For the spot blotch GEBVs, we observed that the selection differential ranged between − 17.4 (LPSI w′ = [− 1 − 1 − 0.8 − 0.8]) and − 18.4 (LPSI w′ = [− 1 − 1 − 0.2 − 0.2]), while the expected genetic gain for 10% selected half-sibs ranged between − 15.4 (ESIM and LPSI w′ = [− 1 − 1 − 0.8 − 0.8]) and − 15.9 (LPSI w′ = [− 1 − 1 − 0.2 − 0.2] and LPSI w′ = [− 1 − 1 − 0.4 − 0.4]). For days to heading, the selection differential ranged between 2.1 (ESIM) and 5.2 (LPSI w′ = [− 1 − 1 − 0.2 − 0.2]), while the expected genetic gain for 10% selection ranged between 3 (ESIM) and 4.5 (LPSI w′ = [− 1 − 1 − 0.2 − 0.2]). We also observed that both the selection differential and the expected genetic gain for days to heading were positive, despite specifying negative weights. Considering plant height, we observed that the selection differential ranged between 0.2 (LPSI w′ = [− 1 − 1 − 0.2 − 0.2]) and − 5.8 (LPSI w′ = [− 1 − 1 − 0.8 − 0.8]), while the expected genetic gain for 10% selection ranged between 3.6 (LPSI w′ = [− 1 − 1 − 0.2 − 0.2]) and − 2.7 (LPSI w′ = [− 1 − 1 − 0.8 − 0.8]).

The box plots of trait distributions for the selected and unselected half-sibs using the ESIM and LPSI indices (Fig. 8) indicated that the ESIM only selected half-sibs that had low spot blotch rAUDPC values and GEBVs with normal days to heading and plant height (56–75 days and 61–120 cm). Using the LPSI w′ = [− 1 − 1 − 0.8 − 0.8] that laid a higher emphasis on days to heading and plant height some half-sibs with moderately high disease from the low days to heading and plant height (56–65 days to heading and 47–60 cm plant height) category were selected, which is undesirable. Similarly, with the LPSI w′ = [− 1 − 1 − 0.2 − 0.2] values that laid a low emphasis on days to heading and plant height, some half-sibs that had low disease, but were in the tall and late (76–80 days to heading and 131–135 cm plant height) category were also selected, which is also undesirable. The selections made by the LPSI w′ = [− 1 − 1 − 0.4 − 0.4] and LPSI w′ = [− 1 − 1 − 0.6 − 0.6] were quite similar to each other and to the ESIM, but the ESIM also resulted in the selection of lines with moderately high spot blotch, low days to heading and plant height (66–75 days and 47–60 cm) and late to normal plant height (76–80 days and 61–120 cm).

Fig. 8
figure 8

Box plots showing the distribution of spot blotch relative area under the disease progress curve (rAUDPC) values and genomic-estimated breeding values (GEBVs), days to heading and plant height for the 10% of the half-sibs that were selected using the Eigen selection index method (ESIM) and the linear phenotypic selection index (LPSI) and the remaining lines that were not selected.

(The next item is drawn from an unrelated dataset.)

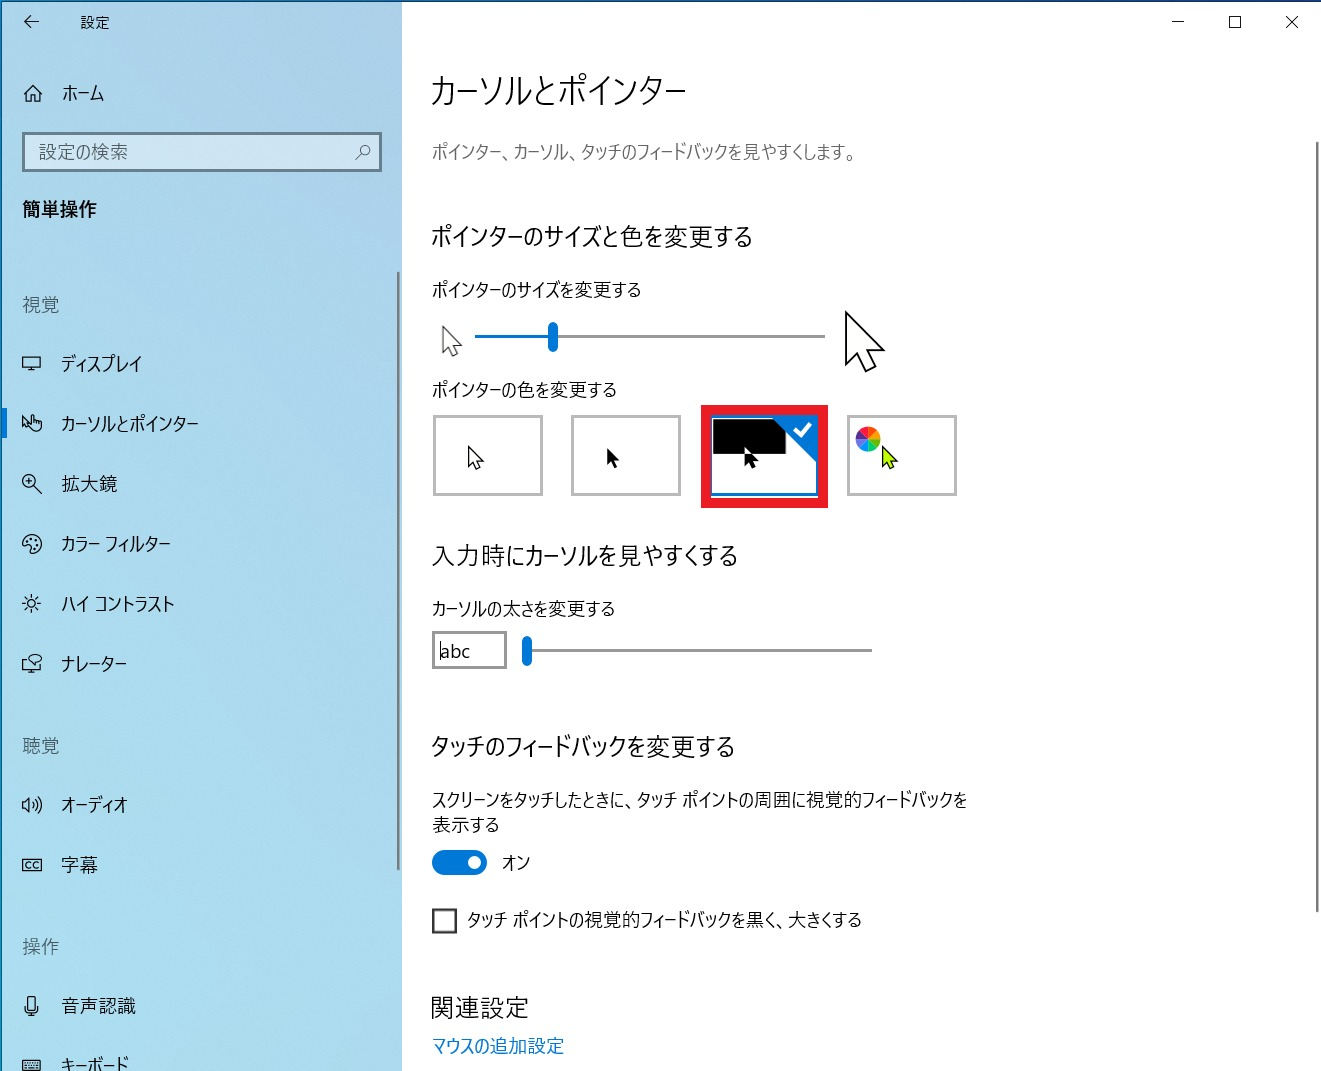 【業務効率UP】マウスアイコンを見やすくする方法【Windows10】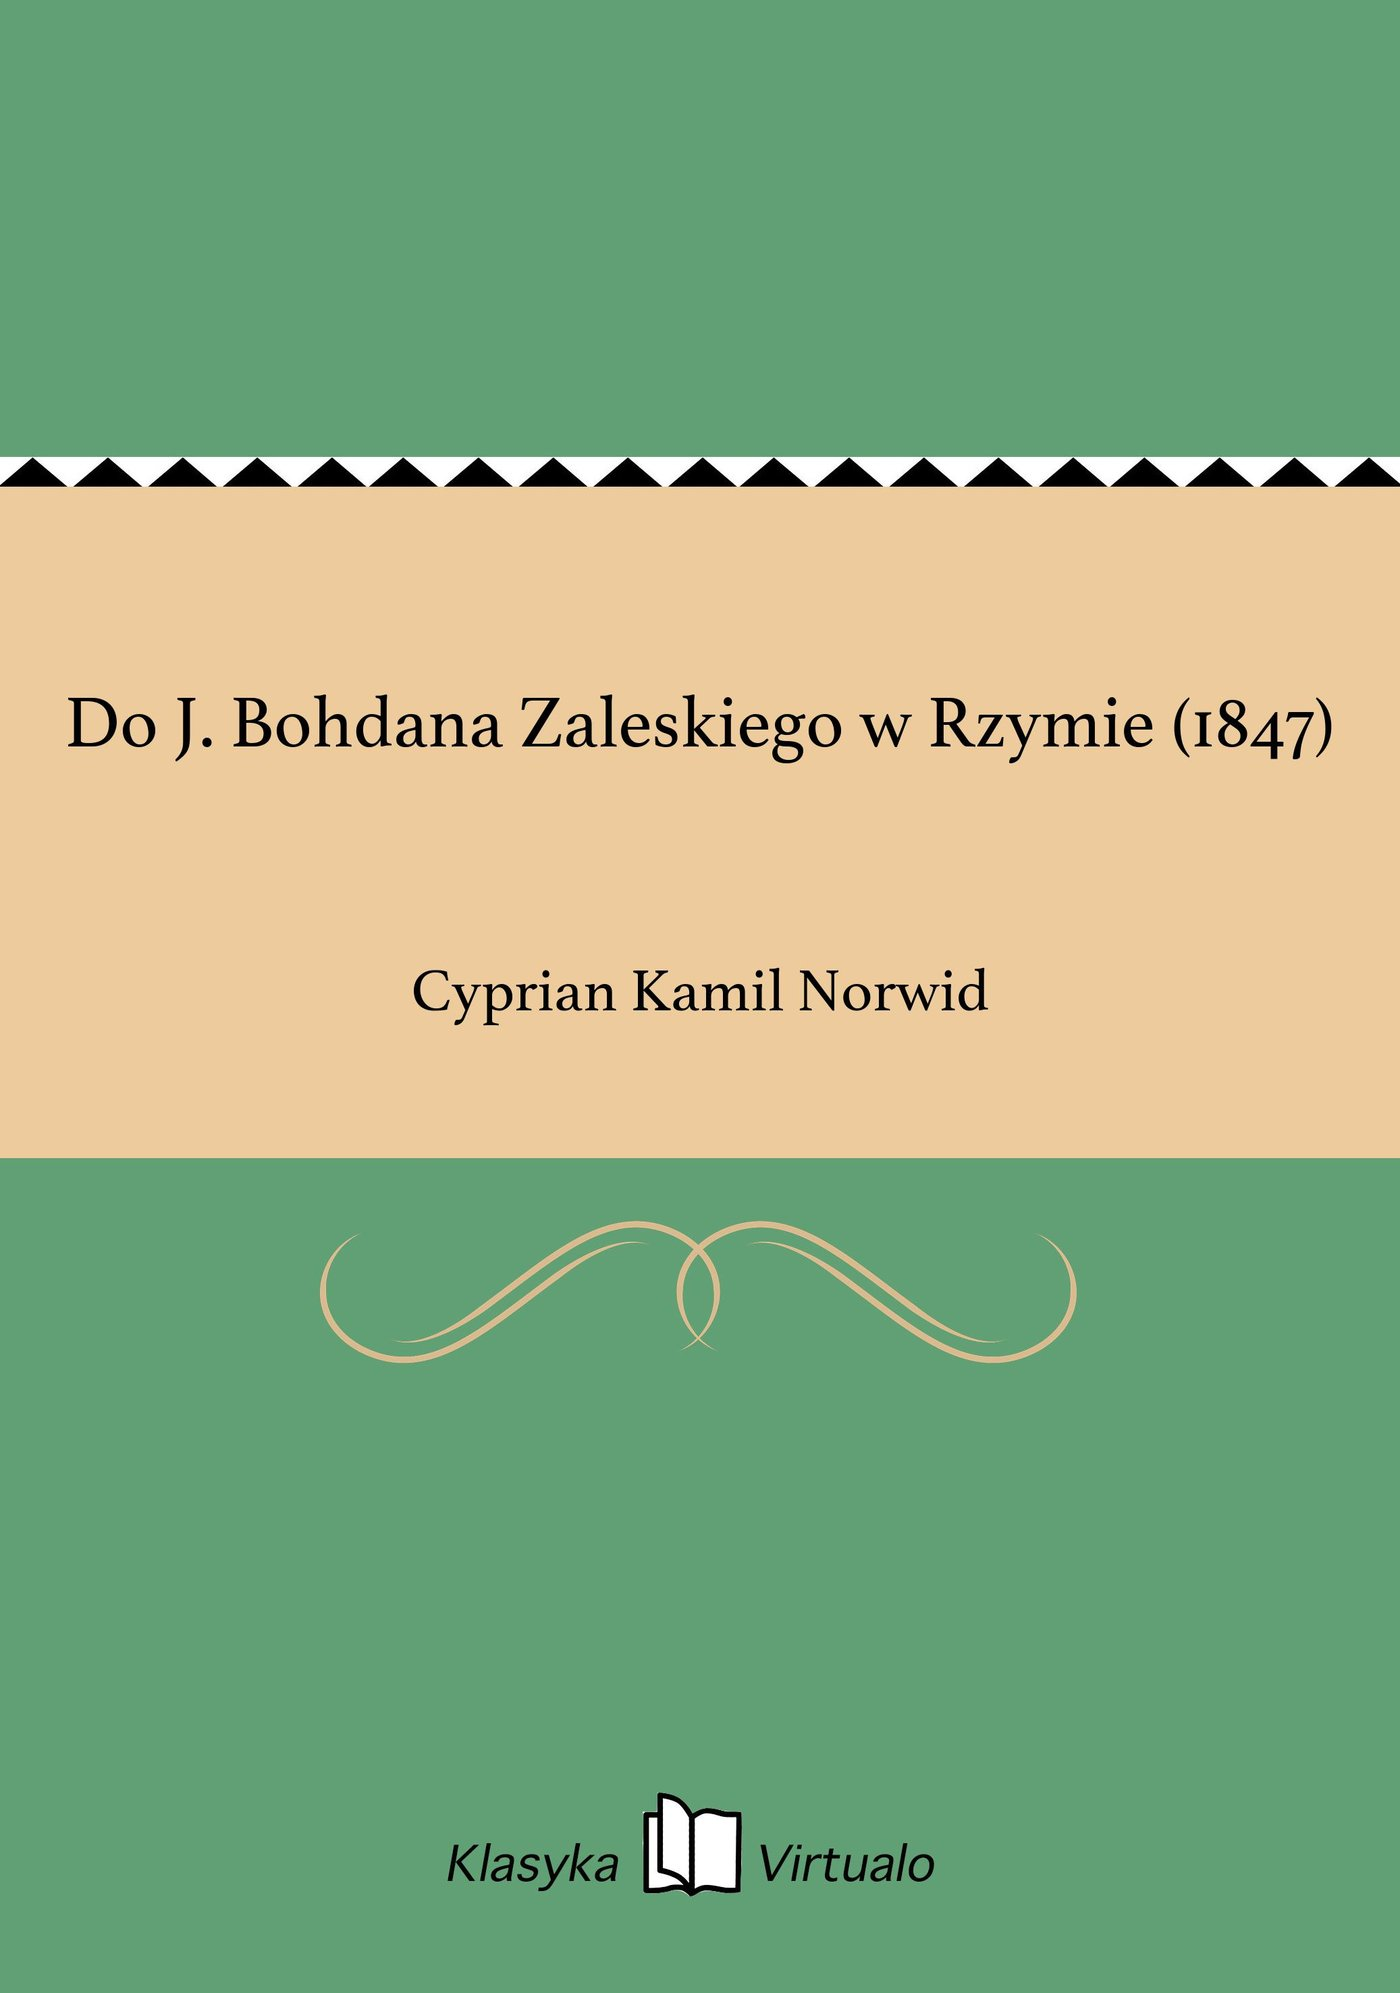 Do J. Bohdana Zaleskiego w Rzymie (1847) - Ebook (Książka EPUB) do pobrania w formacie EPUB

The different vectors of arbitrary weights (w′) used in the LPSI index for spot blotch rAUDPC values, GEBVs, days to heading and plant height, respectively were w′= [− 1 − 1 − 0.8 − 0.8], w' = [− 1 − 1 − 0.6 − 0.6], w′= [− 1 − 1 − 0.4 − 0.4] and w′= [− 1 − 1 − 0.2 − 0.2]

Discussion

In this study, we first evaluated the scenario of using genomic prediction for spot blotch in bread wheat within advanced breeding panels, where we aimed to understand whether phenotyped random sets of four-fifths of the lines can be used to predict the spot blotch response in the remaining one-fifth of the lines in a panel/year. Our results indicated moderately high fivefold cross-validation mean prediction accuracies of 0.53 and 0.47 in the breeding panels and subsets of breeding panels, respectively, implying that genomic prediction for spot blotch within breeding panels is promising and can be implemented by breeding programs. In the second scenario, we evaluated genomic prediction across breeding panels to understand if a breeding panel can be predicted using historic training populations comprising other breeding panels. Our results indicated moderately high mean across-panel genomic prediction accuracies of 0.40 and 0.38 in the breeding panels and their subsets, respectively, which were only slightly lower than the corresponding within-panel cross-validation genomic prediction accuracies of 0.53 and 0.47. These results are in agreement with previous studies that have indicated inflated prediction accuracies using cross-validations within populations and the challenges in predicting across populations/years using historic training populations due to the lower proportion of shared marker effects or genomic relationships and a high genotype x environment interaction (Dawson et al. 2013; Jarquín et al. 2017; Juliana et al. 2018b, 2019; Werner et al. 2020; Haile et al. 2021). Nevertheless, the across-panel prediction accuracies for spot blotch were promising in our study. Hence when there is relatedness between the lines across breeding panels as demonstrated by our population structure analysis, historic training populations can be effectively used to predict the spot blotch response of a future unphenotyped panel of advanced breeding lines, albeit with moderate genomic prediction accuracies.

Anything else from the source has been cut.